Monday 16 August 2010

Hitch Hiker's Guide to the Golden Circle

Day 8

The day dawned bright and sunny! What a contrast
with yesterday. There were moments of cloud and the odd spot of rain but the whole day has been beautiful.



The 'Golden Circle' is the name of tours from Reykjavik taking in Geyser, Gullfoss Falls and Pingvellir. We, of course, were not on a bus full of other tourists but able to travel early and go at our own pace. So after an early breakfast we set of to the mud pools and water spouts at Geysir.





Arriving just after 9am meant beating most other people there and for about half an hour there were only another dozen people at the site. The original Geyser at Geysir no longer fires up, unless artificially stimulated on occasions such as Iceland's independence day celebrations. But Strokkur, it's smaller cousin steams up to 33 metres every 5 or so minutes. We were not disappointed and it was fascinating to watch this phenomenon again and again.

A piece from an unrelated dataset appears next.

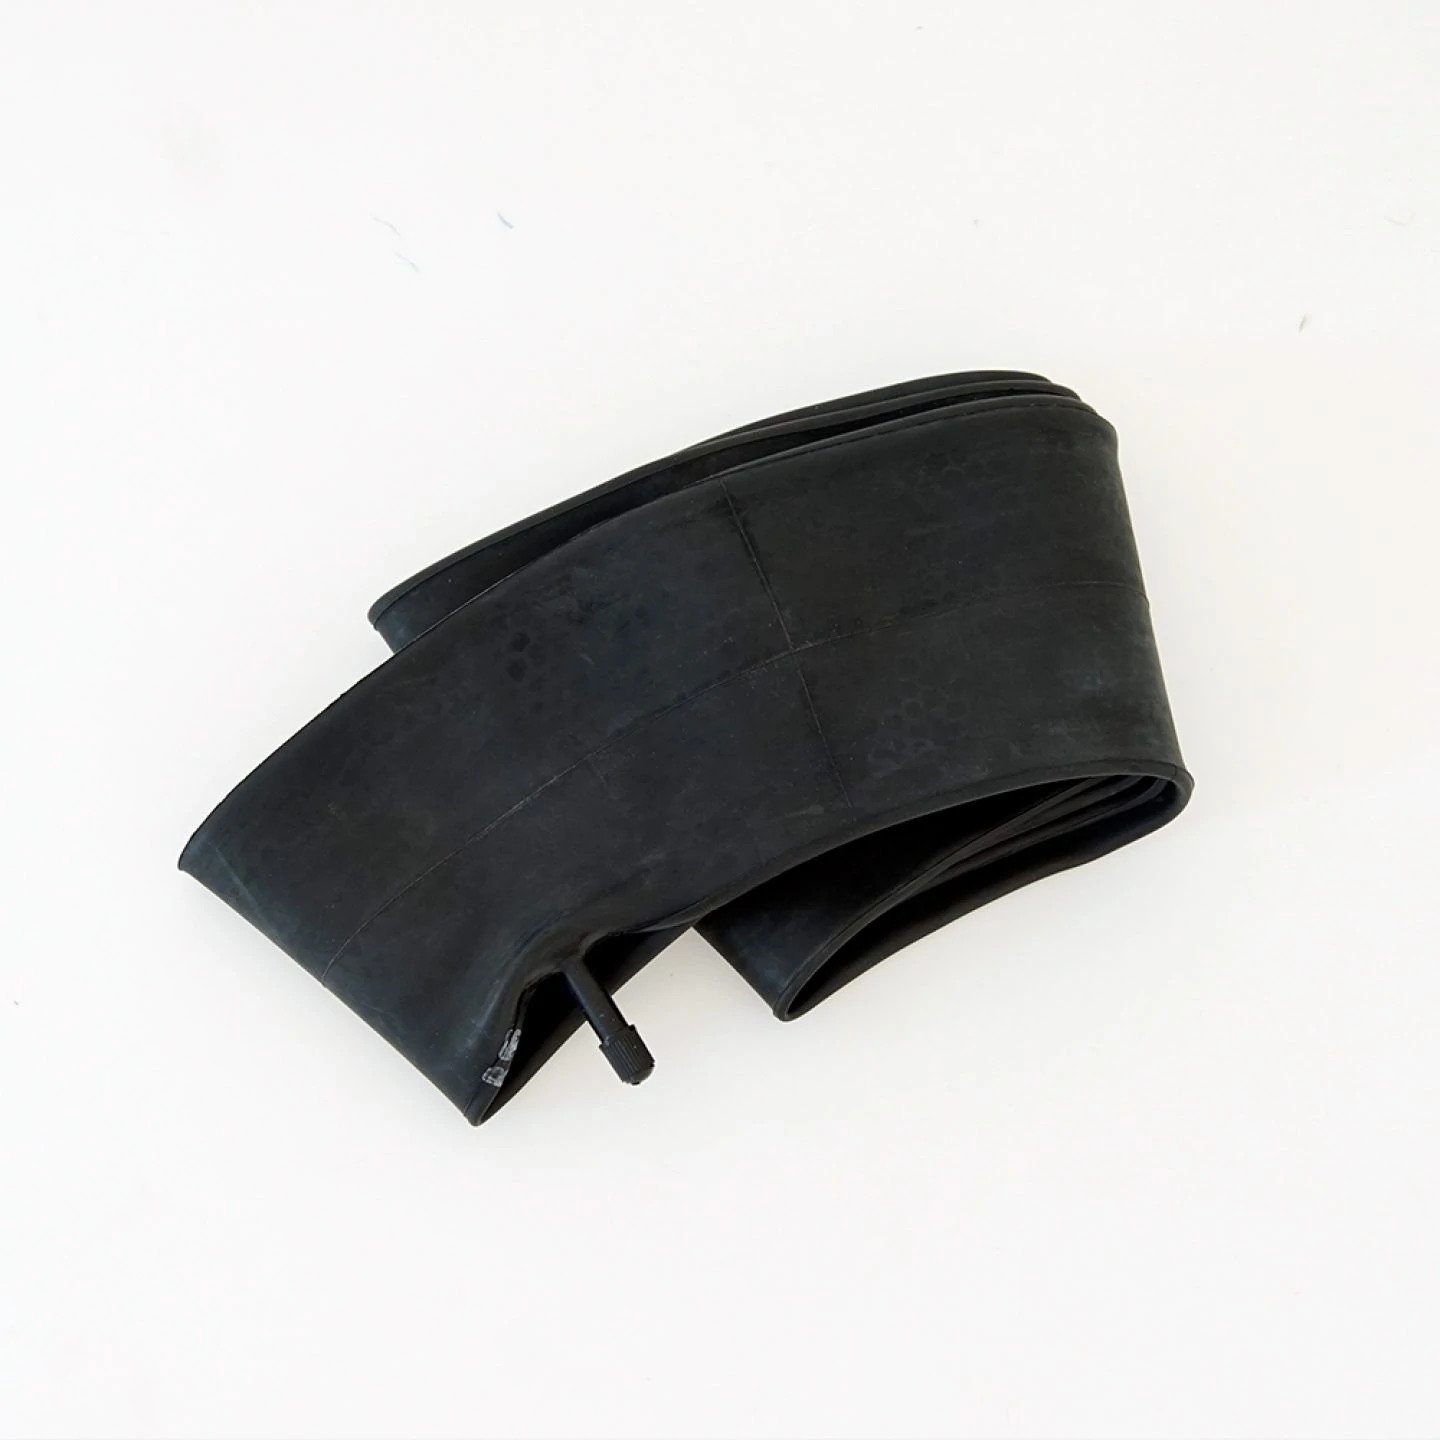 Fatbike inner tube (20x4) Replacement for a 20x4 fatbike inner tyre. Fit's most major brands.

On leaving Geyser (after the obligatory look rou
nd the gift shop) we picked up Deanna and Julia, two hitch hikers from Italy who have spent three weeks travelling around Iceland. They were heading for Gullfoss, so we were happy to take them with us and to have another perspective on this wonderful and unique country.












The falls were thundering, on lots of levels, with spray launching 80 metres into the air. We were beginning to realise that West Iceland is much busier than the East and coach loads of tourists kept rolling up, staying twenty minutes and moving on. It was quite a bump back toreality - then I remembered those queues outside Madame T ussauds across from Church House and realised Icelandic tourist traps are rather pleasant in comparison!

Our passengers also wanted to go to Pingvellir, so we all went off together. This was a fascinating place where the convergent tectonic plates of Europe and America are pulling apart. The evidence for this is all over Iceland in volcanoes, hot springs, geysers and rock formations. At Pingvellir there is a long ridge of churned up rock face, right next to a huge lake.


Here the Alpingi parliament (means 'all things') met for over 1000 years.

Sandy's getting to play with lots of his lenses and caught this spider doing what spiders are meant to do!


We dropped the girls on the road to Reykjavik and were pleased to see they got a lift immediately - we turned back towards Hotel Ork. We have finished the day in the pool and geothermically heated hot tubs - how cool (or hot...) is that!